Wiggins has decided to take a stab at the world of fan fiction. Remember those Steve Garvey comics where he loves burritos? Now you can enjoy them with the power of words! ENJOY.
There was no dobut about it: That was definitely a burrito McKeon had stashed in the dresser drawer second from the top. Garvey knew that smell anywhere. It was hard to listen to what was being said to him. Garvey's brain was salivating. LITERALLY.
"Jack, I think my brain is melting."
"What the hell are you talking about, Steve? Pay attention."
The boys had gone away together on a weekend retreat. Both masters of frugality, they had chosen to attend a timeshare presentation--all expenses paid. Well, all except for burritos. Garvey had checked Yelp ahead of time but there were no Mexican food shops within a 100 mile radius. Where in God's name did McKeon get this burrito? Was it a frozen burrito he had brought with him? No, it smelled too fresh.

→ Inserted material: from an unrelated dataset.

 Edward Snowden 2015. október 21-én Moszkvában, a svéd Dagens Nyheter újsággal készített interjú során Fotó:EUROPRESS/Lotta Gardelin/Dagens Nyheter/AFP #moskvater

But Garvey couldn't let on. McKeon was notoriously secretive about where he bought his food from. "Burrito?" he'd answer. "You know I'm on a diet. Now lay off it." He would position himself firmly in front of the dresser. Unless Garvey barreled into him like he was taking out a catcher blocking home, there was no way to that burrito. That would end their frendship right then and there. McKeon's knees wouldn't hold up. He'd curse Garvey every hour on the hour from the horror that his life had become since being confined to a wheelchair thanks to Garvey's tackle.

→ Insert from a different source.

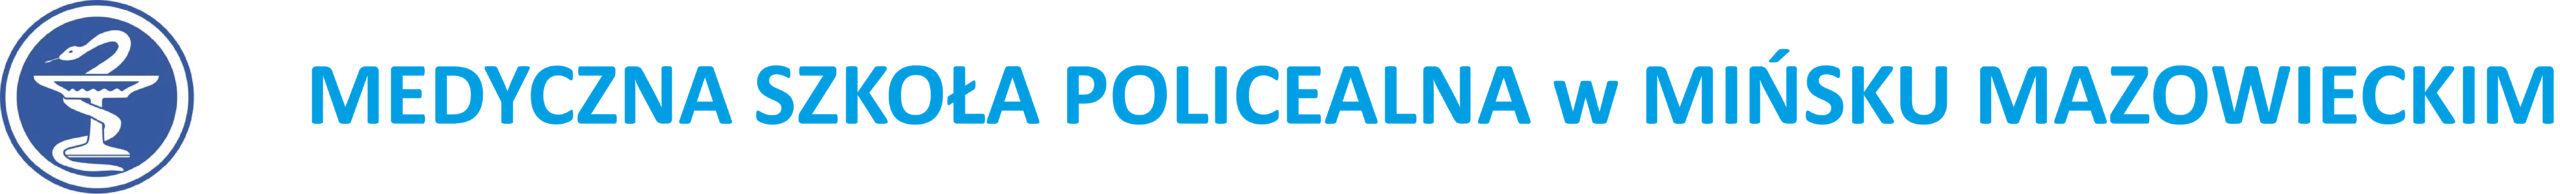 MEDYCZNA SZKOŁA POLICEALNA w Mińsku Mazowieckim

Nope, the Garv would have to get clever.
"I'm not talking about anything, Jack My Boy." Garv winked. "Tell you what. Let's go get a drink. My treat. Go hit the Little Boy's Room while I get my coat and we'll--"
"What are you up to, Steve?"
"What do you mean?" Garvey began sweat.
McKeon looked him up and down. Then he looked him down and up. "...Hmmmm."

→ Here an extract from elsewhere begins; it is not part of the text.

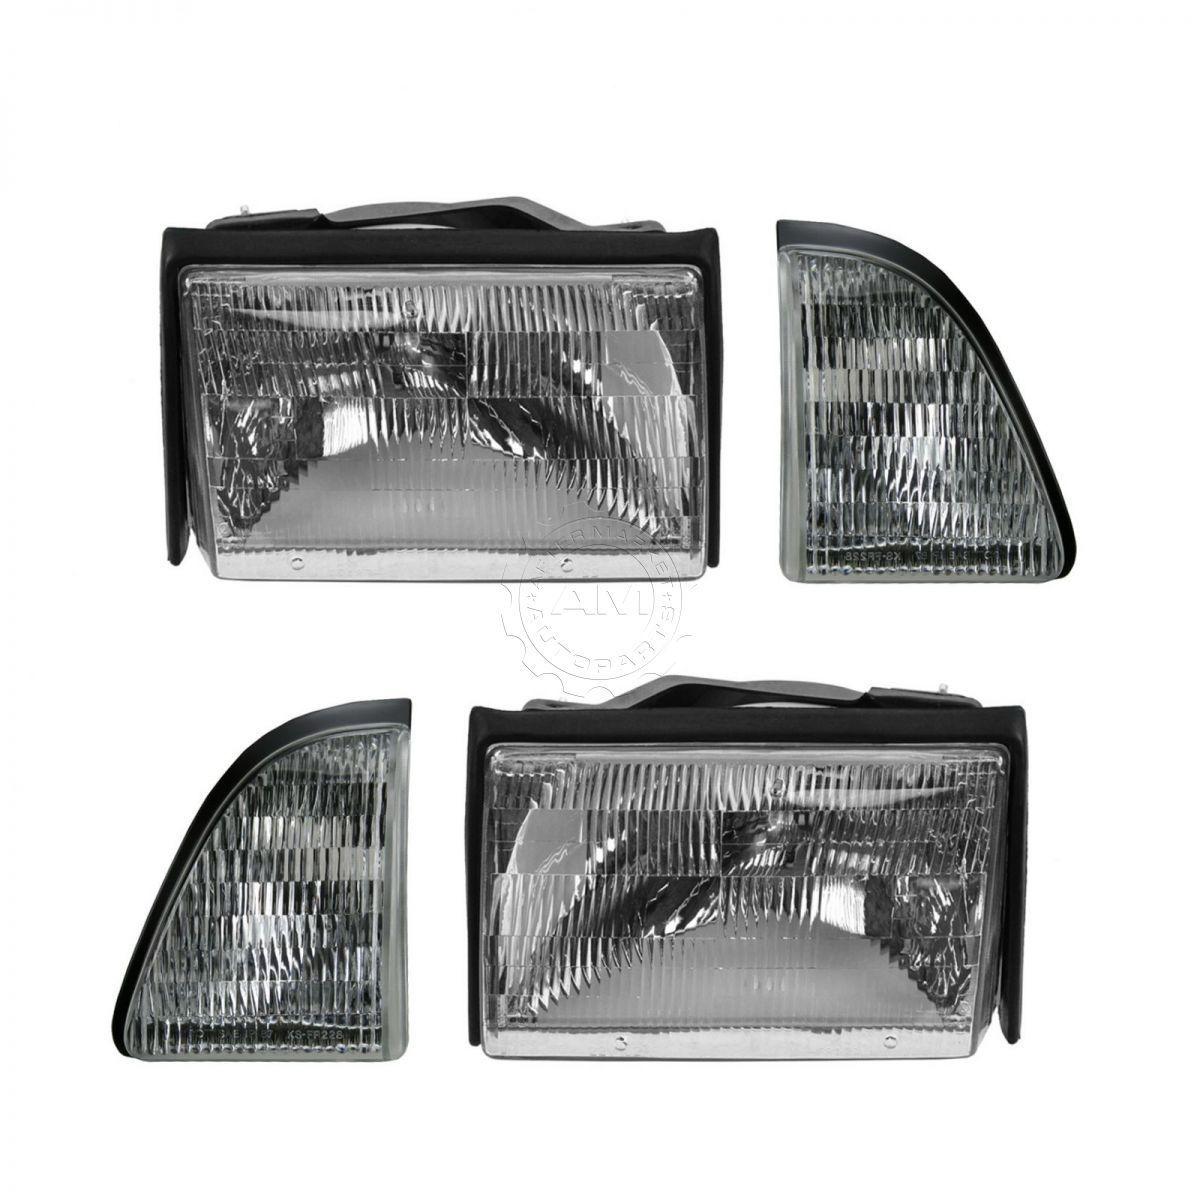 コーナーライト Headlight Headlamp Side Corner Turn Signal Light Set Kit for 87-93 Ford Mustang ヘッドライトヘッドランプサイドコーナーターンシグナルライトキット87-93フォードマスタング用

Garvey swallowed and the gulping sounded as if it were echoing in an endless chamber. His stomach began sending messages. It might have been Morse Code. Garvey wasn't sure. It just sounded like "Beep Beep BEEEEEP Beep BEEP Beeeep" in his brain. It was becoming unbearable.
"You're not looking so good, Steve," McKeon noted. "Maybe you should go take a walk."
Ah-ha! Trying to get rid of me, eh? thought Garv. "I'm fine, Jack. Just fine. Fine right here. Why don't you go take a walk?"
McKeon sighed. "It's going to be like this, then, is it?"
"Like what, Jackie?"
"Don't call me 'Jackie,' Stevie."
"Hey, watch your mouth. You watch it!"
"F**k you, Steve."
Both men lunged at each other. A scuffle ensued. A lamp cord was tripped over, bringing the light source to the ground and snuffing it out with a shatter.
"F**k!" they both exclaimed. By this point they were on the floor, rolling to and fro like a couple of bears sewn together at the paws and injected with heroin.
Finally Garvey let out with it. "Give me that burrito, you son of a bitch!"
McKeon froze. "Burrito?!"
"Yes, mother f**ker. The burrito in the dresser drawer. Give it to me!"
McKeon let out a guffaw as he hobbled to his feet. Garv pushed himself up to a standing position. The two men locked eyes, then after a moment they both burst into a fit of laugher.
Then a shot rang out. Garvey slumped down. McKeon stood over him and took a bite out of the burrito. He chewed slowly and gave a sly grin. As he went to take another bite a second shot was heard.
McKeon paused mid-bite and stared at Garvey. His grip on the burrito loosened and it fell doward, right into Garvey's bloody, outstretched hands. McKeon fell to the floor in a pile. Garvey painfully brought the burrito to his mouth and took a small bite. The lights faded to white and it was all over.